An underwater sensor network (UWSN) has recently attracted considerable attention due to its ability to discover and monitor the aquatic environment. However, its acoustic communication has posed several inherent characteristics, such as high latency, low available bandwidth, and high bit error rate. These unique characteristics have made contention-based medium access control (MAC) protocols inefficient for UWSNs. They are most expensive and are not as effective as they are in terrestrial networks. Through this principle, a contention-free MAC protocol is, therefore, considered to be more reliable and flexible to overcome the consequences of applying acoustic signals and also to achieve a high performance (improving the energy efficiency and throughput across the network) by eliminating the chance of collision. In this paper, we propose a novel energy-conserving and collision-free depth-based layering MAC (DL-MAC) protocol for UWSNs.
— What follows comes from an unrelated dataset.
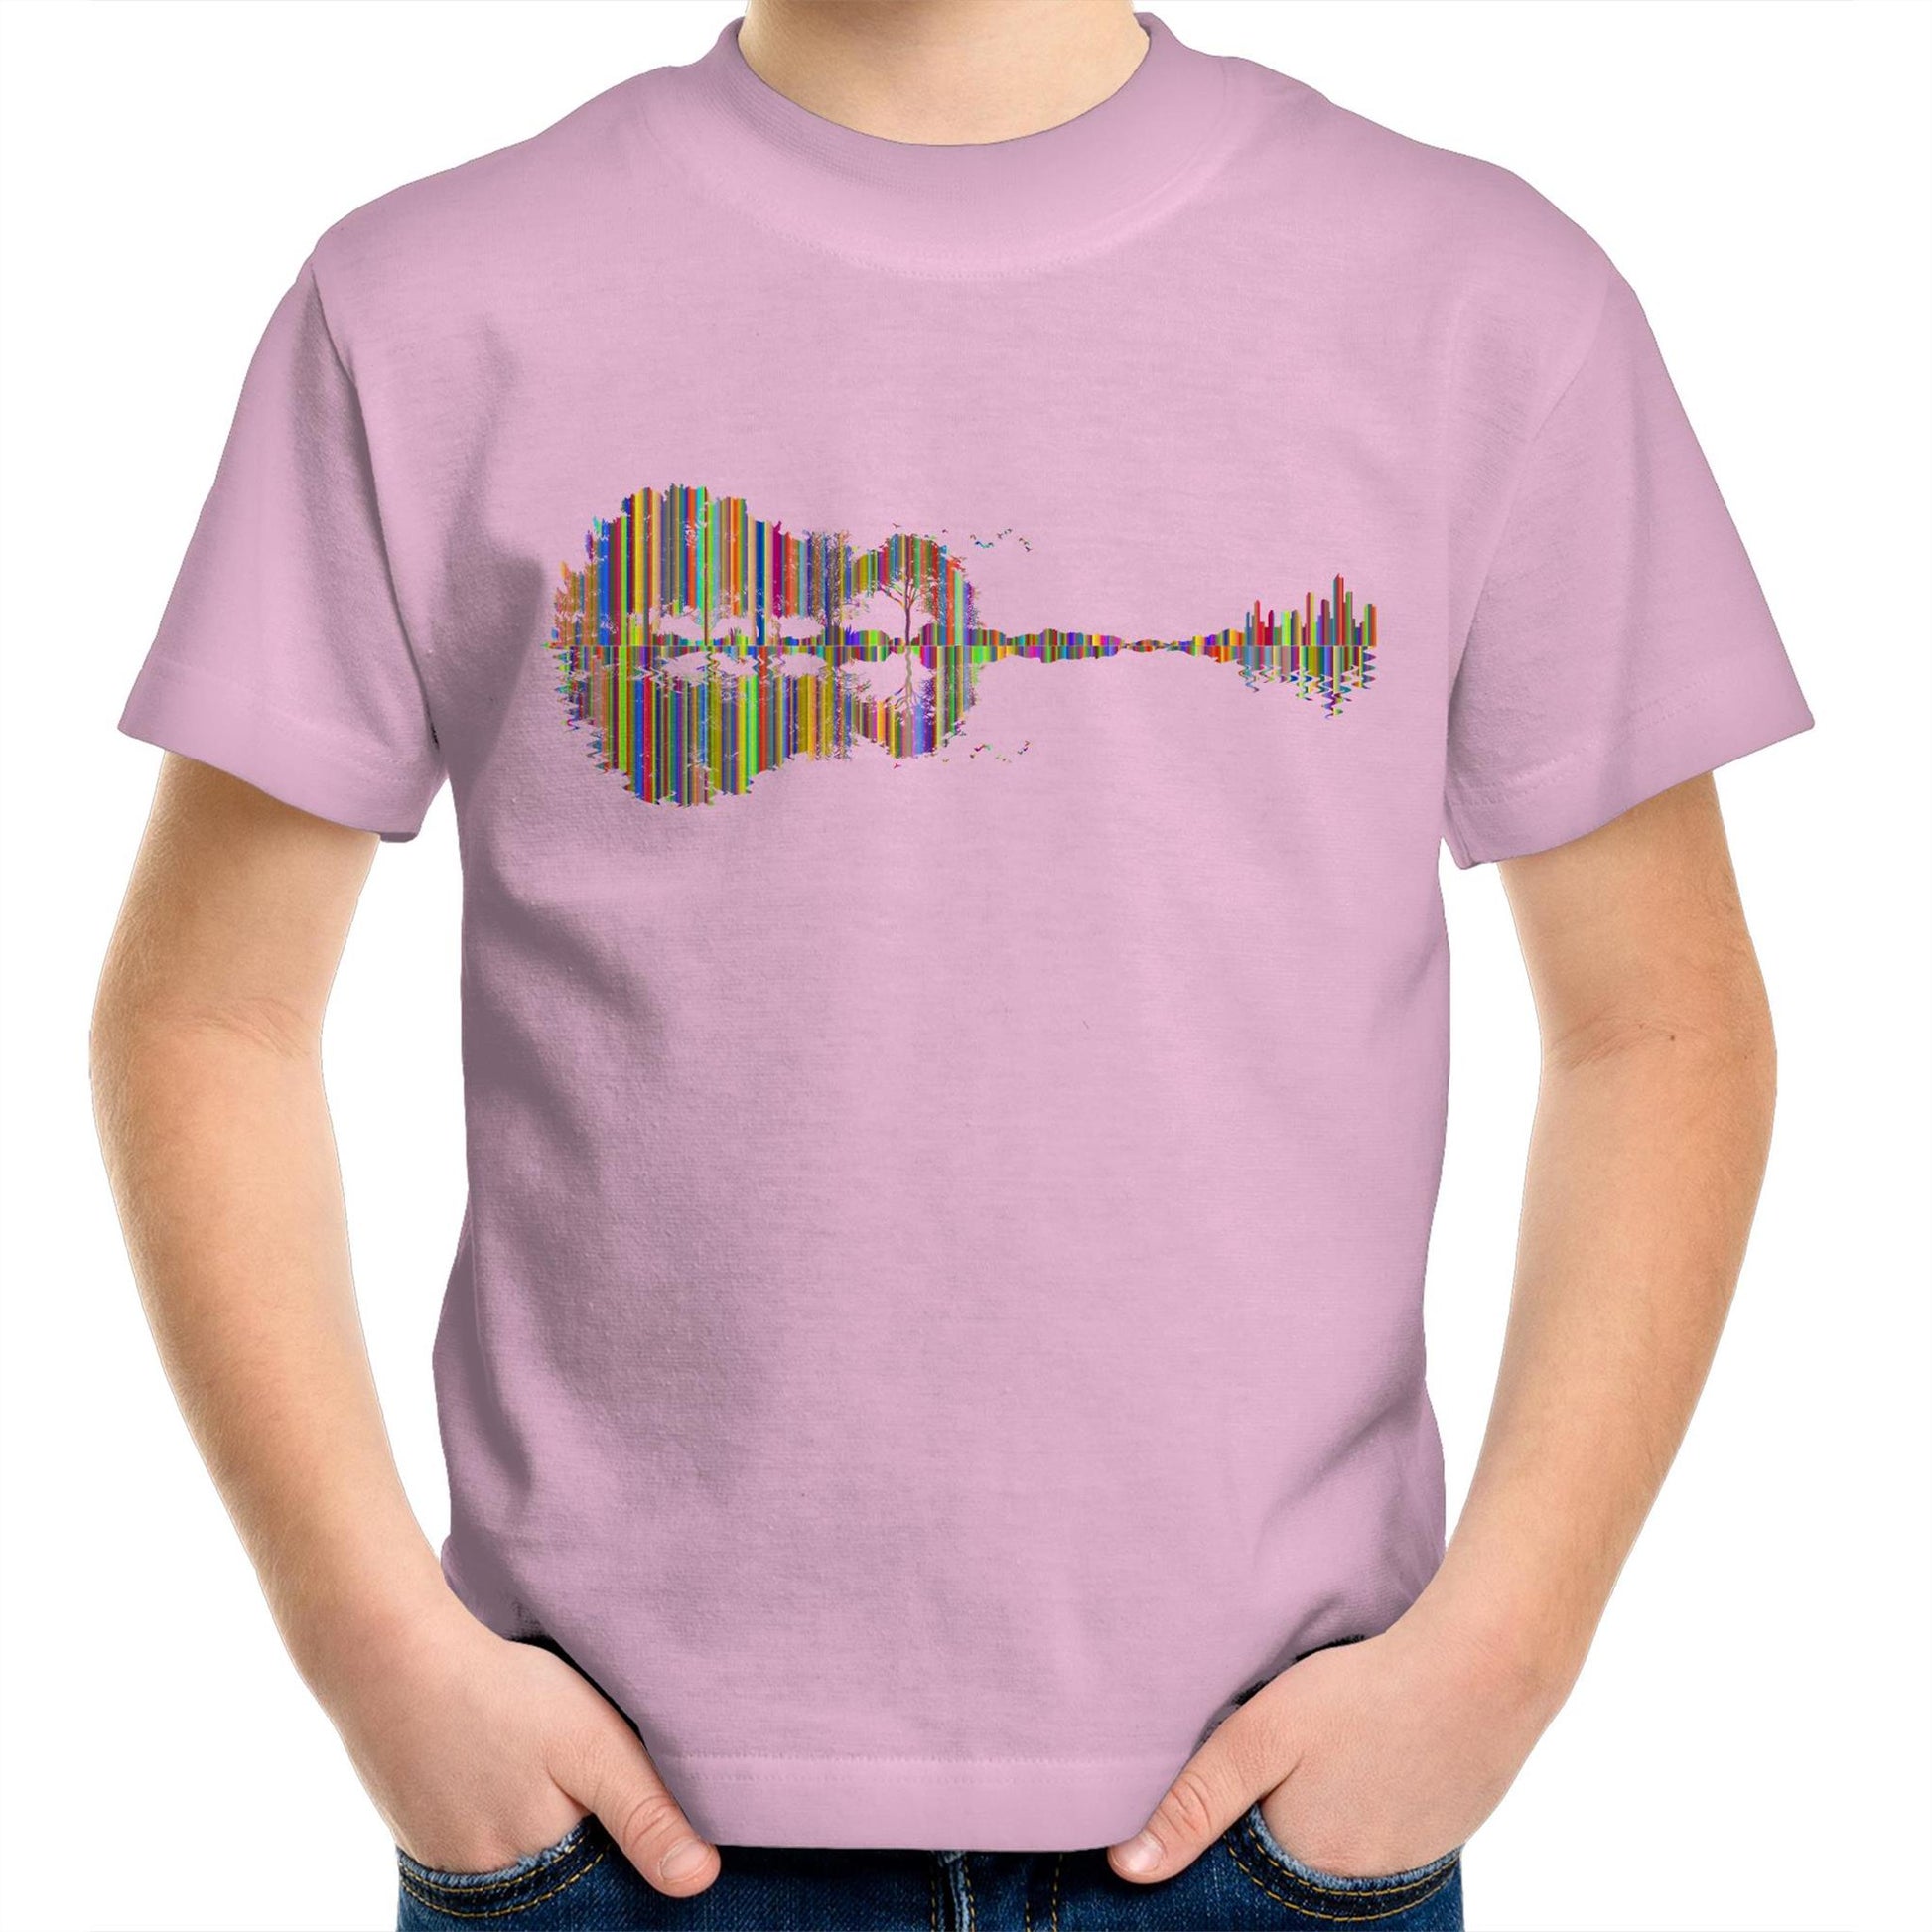 Guitar Reflection In Colour - Kids Youth Crew T-Shirt Pink Kids Youth T-shirt Music

DL-MAC is able to deal with the underwater MAC challenges, such as the near-far effect, spatial-temporal uncertainty, and hidden/exposed terminal problems. It is able to efficiently schedule the transmission and reception operations in each side by using the concept of layering and a distributed clustering algorithm. By using a TDMA-based principle, DL-MAC can assign separate time slots to every sensor node individually to access the medium without any possibility of collision. Our extensive simulation study shows that DL-MAC outperforms other protocols in terms of throughput, packet delivery ratio, energy consumption, and packets lost under varying traffic rates and the numbers of nodes.